Healthcare industry is currently one of the leaders in this race of startups. From Practo to Netmeds, India has seen companies go progress exponentially.  

Launched in March 2021, Know Your Prescription (KYP) is a patient-centric product that explains the prescription and addresses general, treatment-related queries in English, Hindi, Punjabi, Bengali, and Malayalam.   

 KYP assists in the understanding of medical prescriptions. All a patient has to do is visit the AI-enabled portal (QR code), which, after proper diligence, connects them to a WhatsApp number. They are paired with pharmacists or retired medical professionals in order to fully comprehend what their prescription entails. This reduces medication errors while also improving patient compliance and adherence.  
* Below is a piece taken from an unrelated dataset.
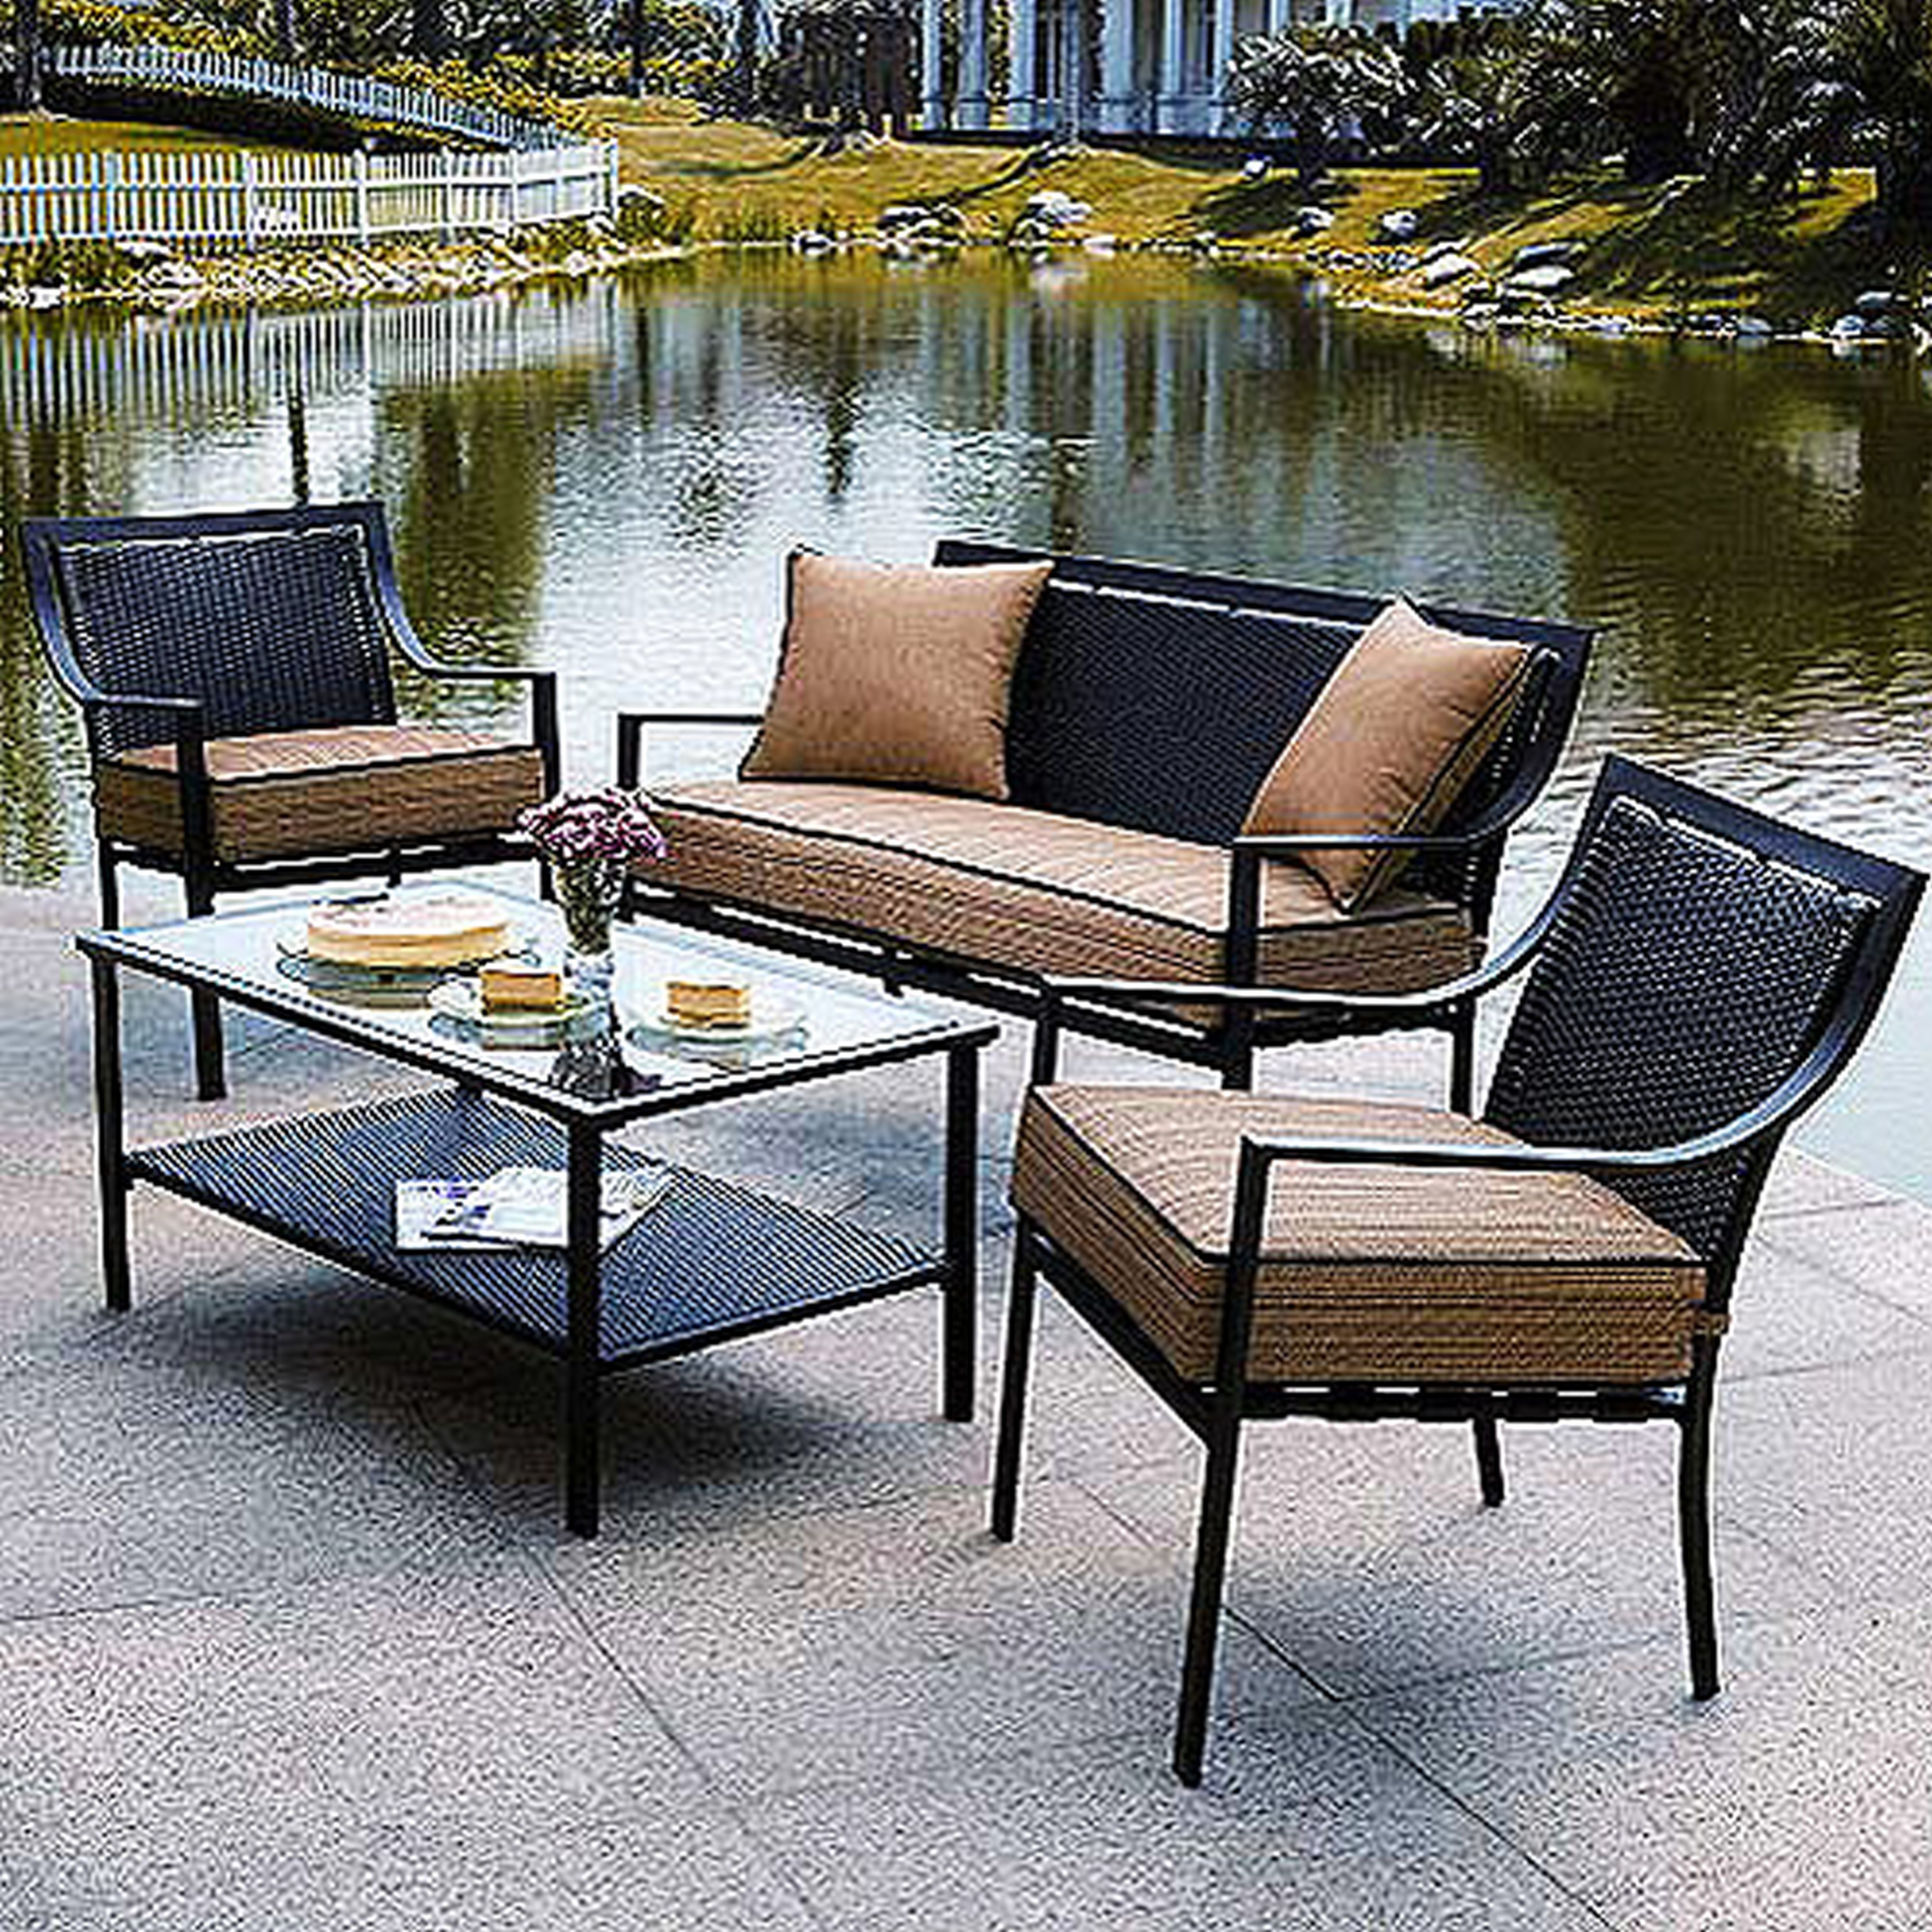 likable modern outdoor patio tables bistro large chairs chair only table set canadian rectangular depot dining home cushions clearance side furniture tire sets full size high end

 The product is specially designed keeping the general population in mind, and the startup is eyeing a pan-India audience “with a major focus on Tier II and III cities”.

 The Delhi-based startup, with a team size of 12, has also signed a three-year contract with Centre for Sight, which is one of the largest chains in India with more than 47 centres.  

 It hopes to develop an app soon that will allow users to submit their questions, as well as onboard   qualified pharmacists and doctors to assist them.  

 As of now, KYP has over 5,000 unique paid clients. By Diwali, SiCureMi intends to implement a Rs 299   yearly membership scheme. Users will be able to upload prescriptions an unlimited number of   times as a result of this.